Robi tersenyum tipis. "Kamu mau Mas melakukan apa?"
"Janji dulu, setelah lihat isi di dalam kotak nanti, apa pun yang aku minta akan Mas turuti."
"Mas jadi penasaran. Sebenarnya di dalamnya apa, sih?"
"Janji dulu."
"Oke, Mas janji. Ayolah, Mel ... jangan buat Mas penasaran begini."
Amelia memberikan sebuah kunci kecil pada Robi, dia pun langsung membukanya karena rasa penasaran. Tangannya gemetar saat mendapati benda pipih bergaris dua itu di dalam kotak.
"Mel, ini ... beneran?" tanyanya masih dengan perasaan tidak percaya.
"Benar, Mas. Coba saja lihat hasil pemeriksaannya, aku hamil ...."
Robi meraih secarik kertas itu, jelas di sana tertulis bahwa istrinya tengah mengandung lima minggu. Robi langsung berlari menghampiri Amelia, dia memeluk erat istri kesayangannya dengan berurai air mata.
"Ini bukan mimpi 'kan, Sayang?"
"Bukan, Mas ... aku hamil."
Robi beralih pada perut Amelia, dia menciumi dan mengelusnya dengan penuh rasa bahagia. "Sayang, ini papi ...," lirihnya sambil kembali terisak.
Amelia hanya bisa tersenyum kecut. Dalam benaknya, dia merasa kasihan pada Robi yang sudah begitu tulus mencintainya. Andai saja cintanya masih suci pada Robi ... andai saja anak yang tengah dia kandung memang anak Robi ... mungkin, kini dia juga bisa ikut merasakan kebahagiaan yang tengah Robi rasakan.
"Ayo kita pastikan lagi ke rumah sakit, Mel."
"Tidak usah, Mas. Aku beneran hamil, kok."
"Rasanya Mas masih enggak percaya," lirihnya seraya kembali memeluk sang istri.

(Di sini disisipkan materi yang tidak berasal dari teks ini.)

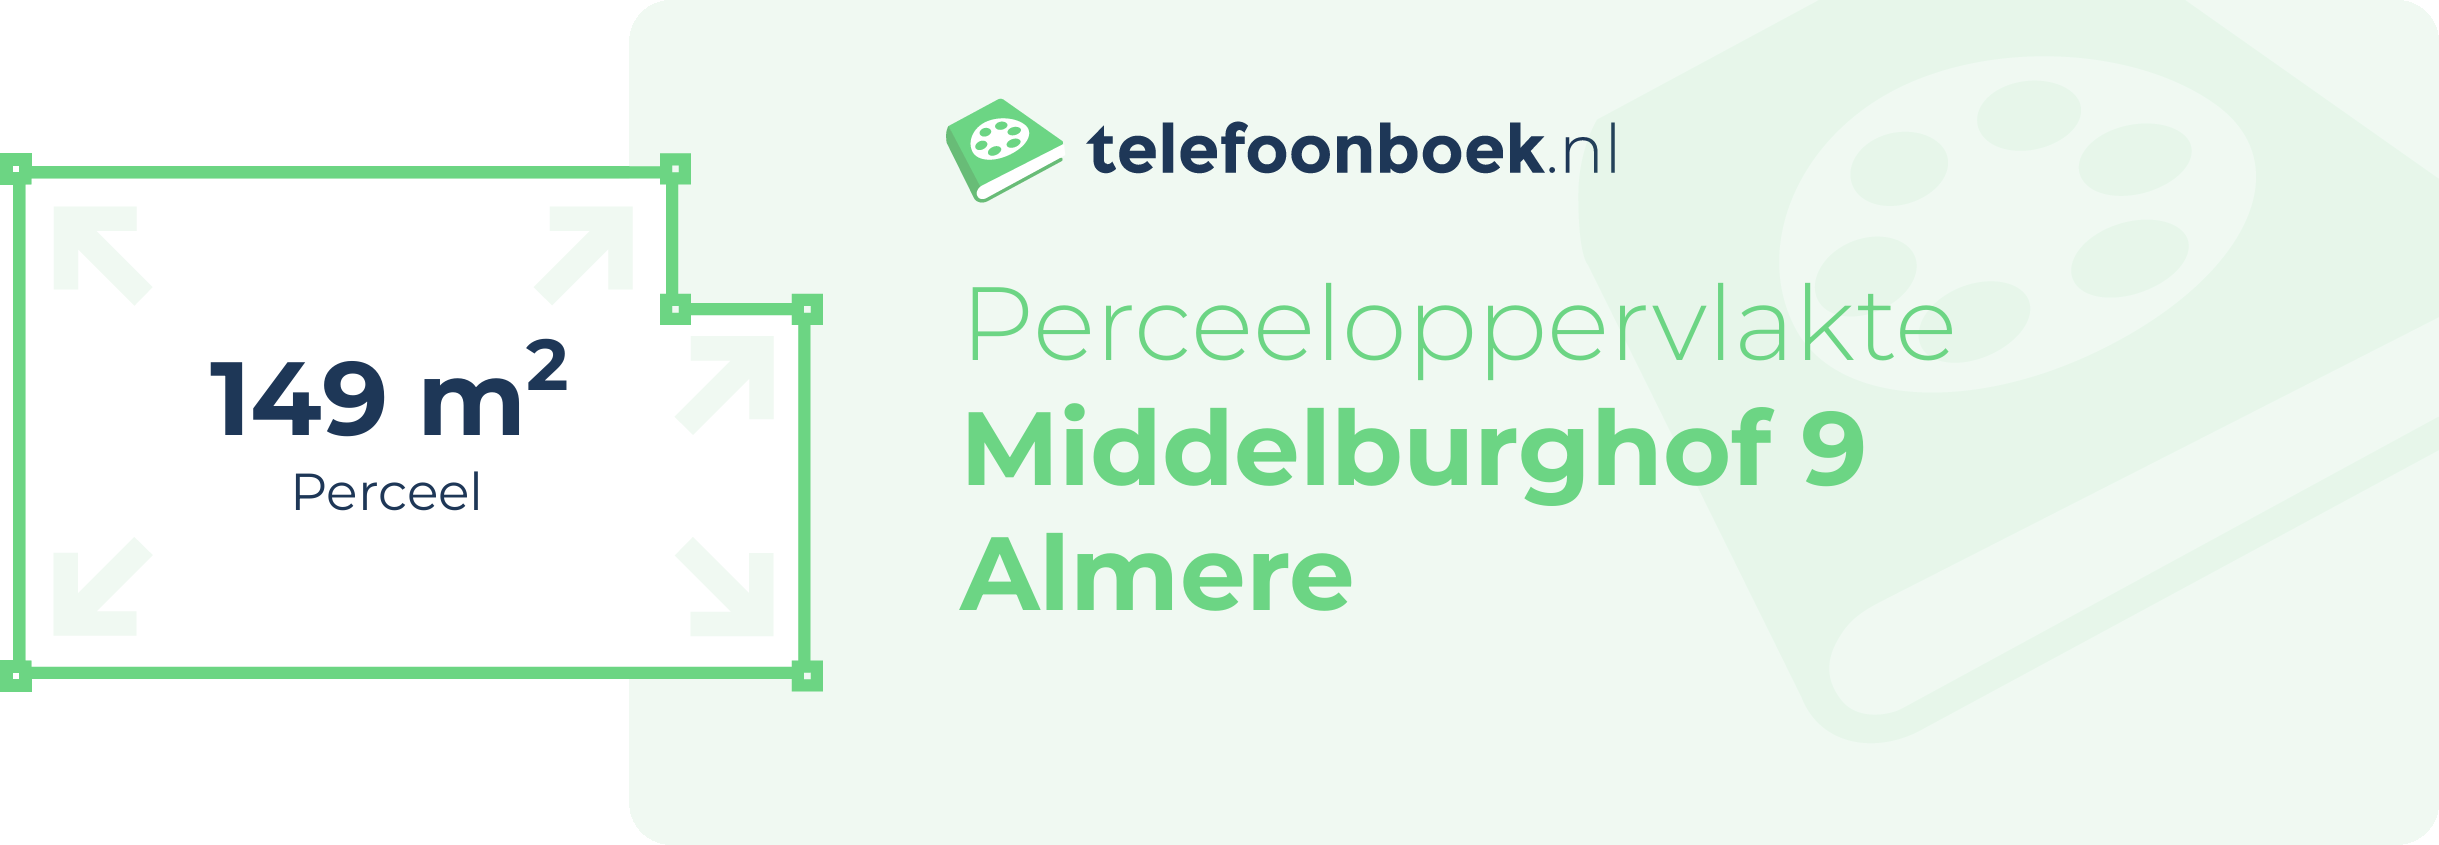 Perceeloppervlakte Middelburghof 9 Almere
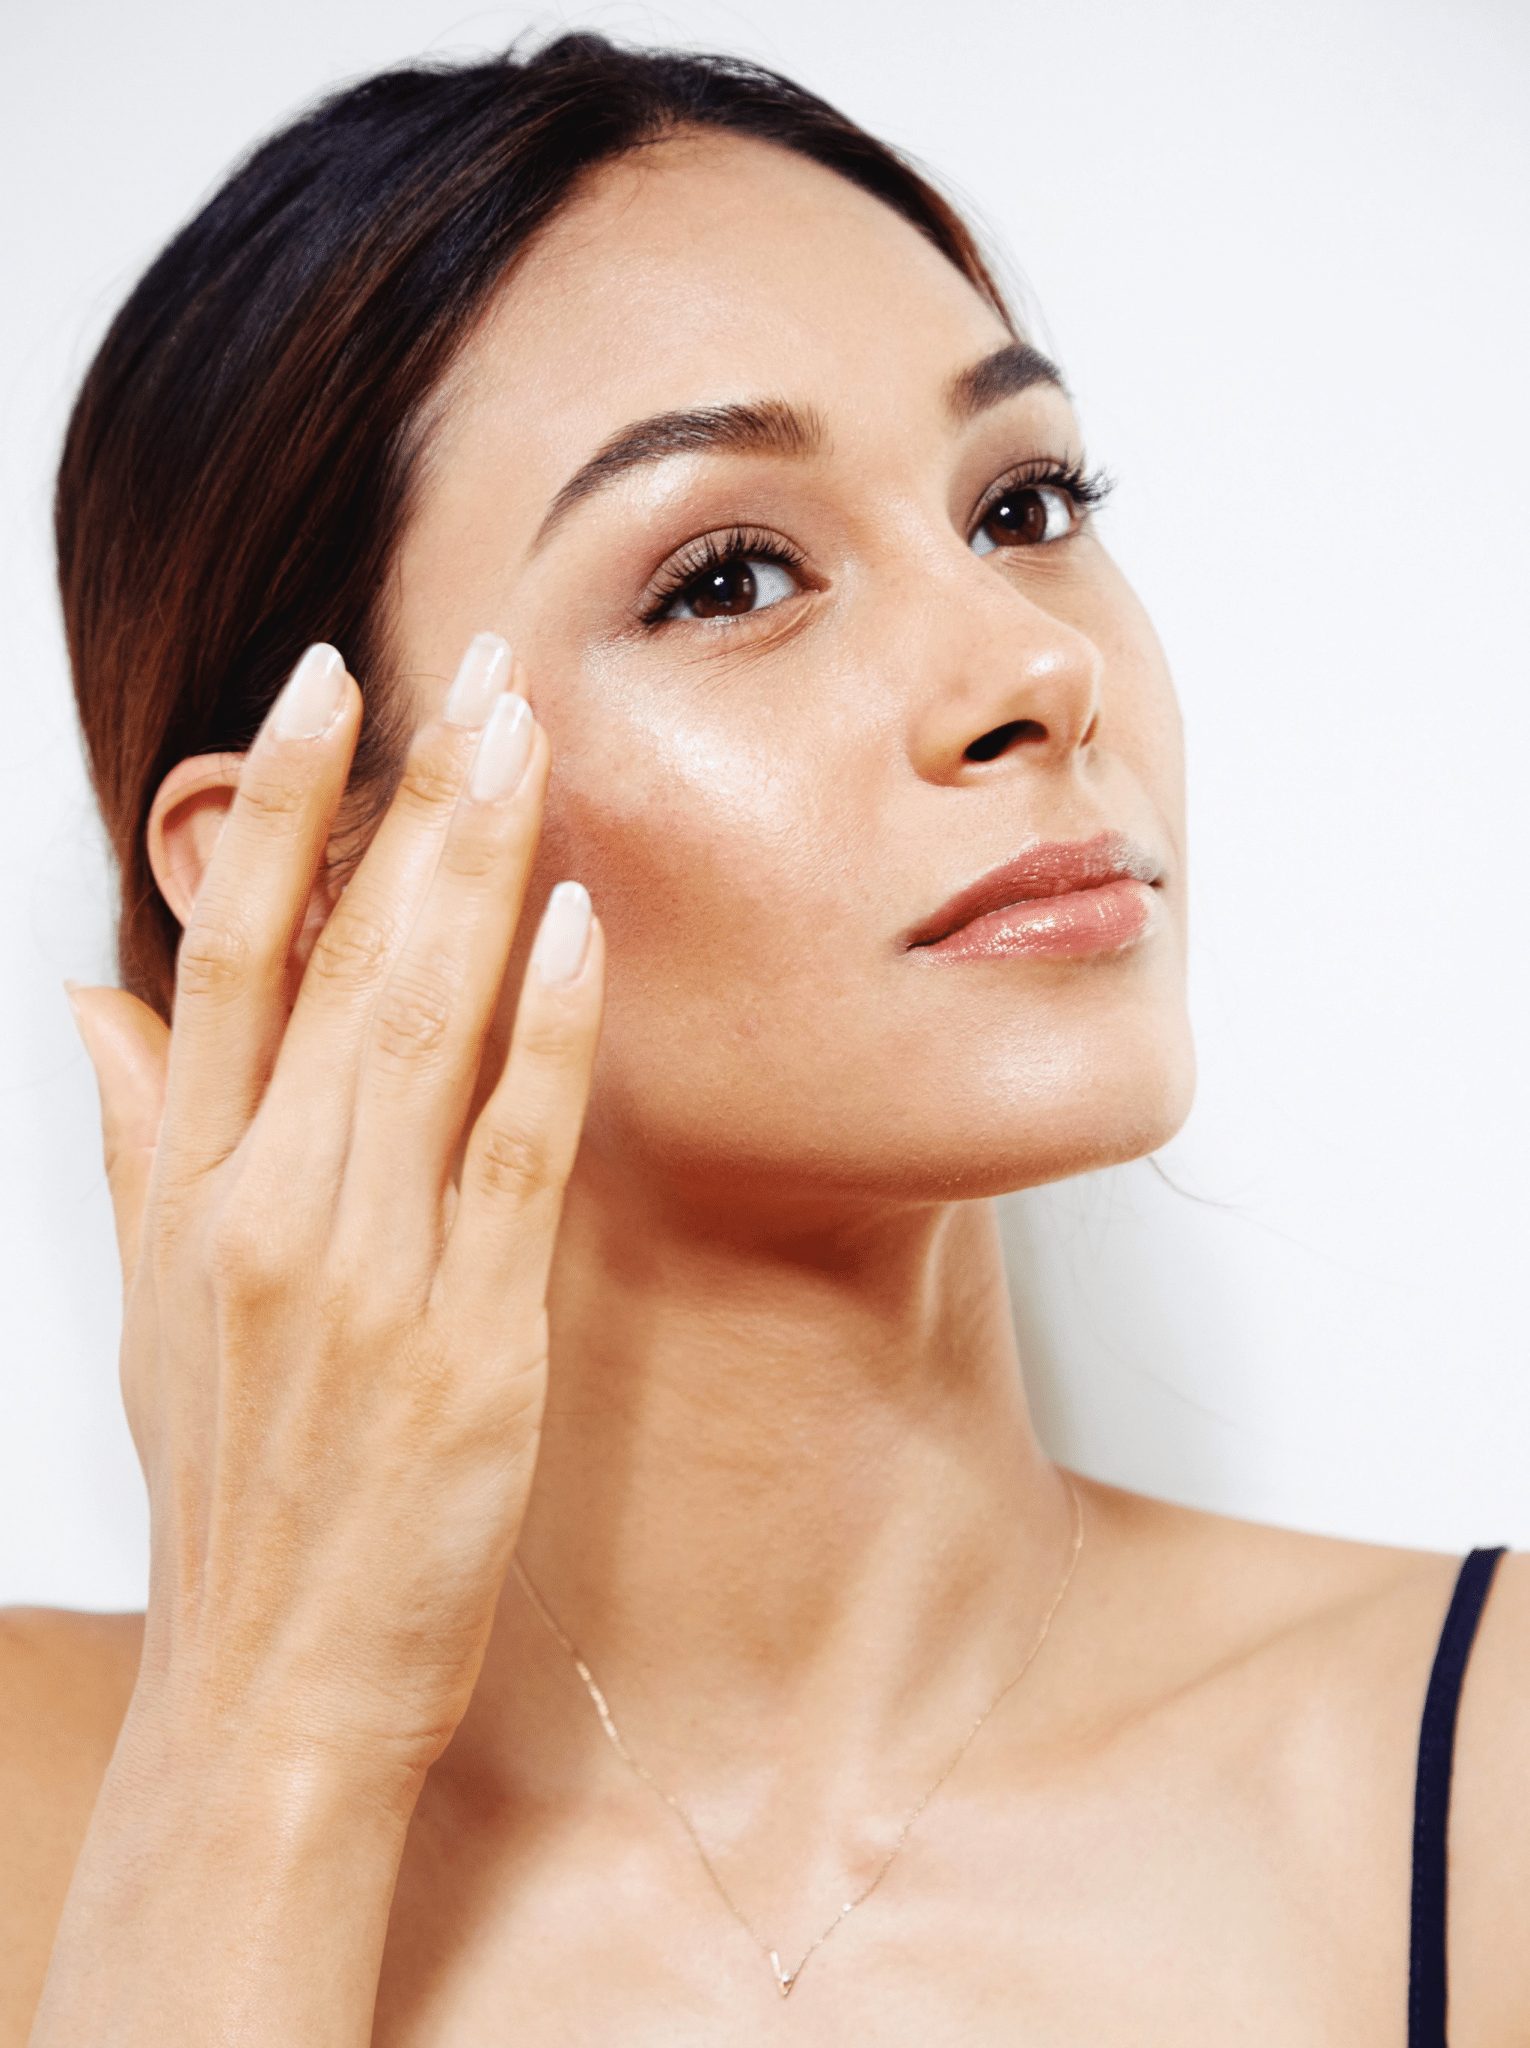 rửa mặt lại với nước rất quan trọng trong cách chăm sóc da mặt

"Nah ... sekarang Mas harus tepati janji dulu.
"Memangnya apa yang kamu mau, Sayang?"
Amelia meraih sesuatu dari dalam balas, lalu memberikannya pada Robi.
"Aku mau itu, Mas."
Robi tersenyum tipis. "Apa pun demi kamu Dan anak kita, Sayang."
Robi menciumi mesra istrinya, mencoba mengekspresikan rasa bahagia yang kini membuncah di dalam dadanya. Kini tidak ada lagi yang perlu dia khawatirkan, anak dalam rahim istrinya adalah penyelamat sekaligus fondasi kuat untuk menyelamatkan posisinya.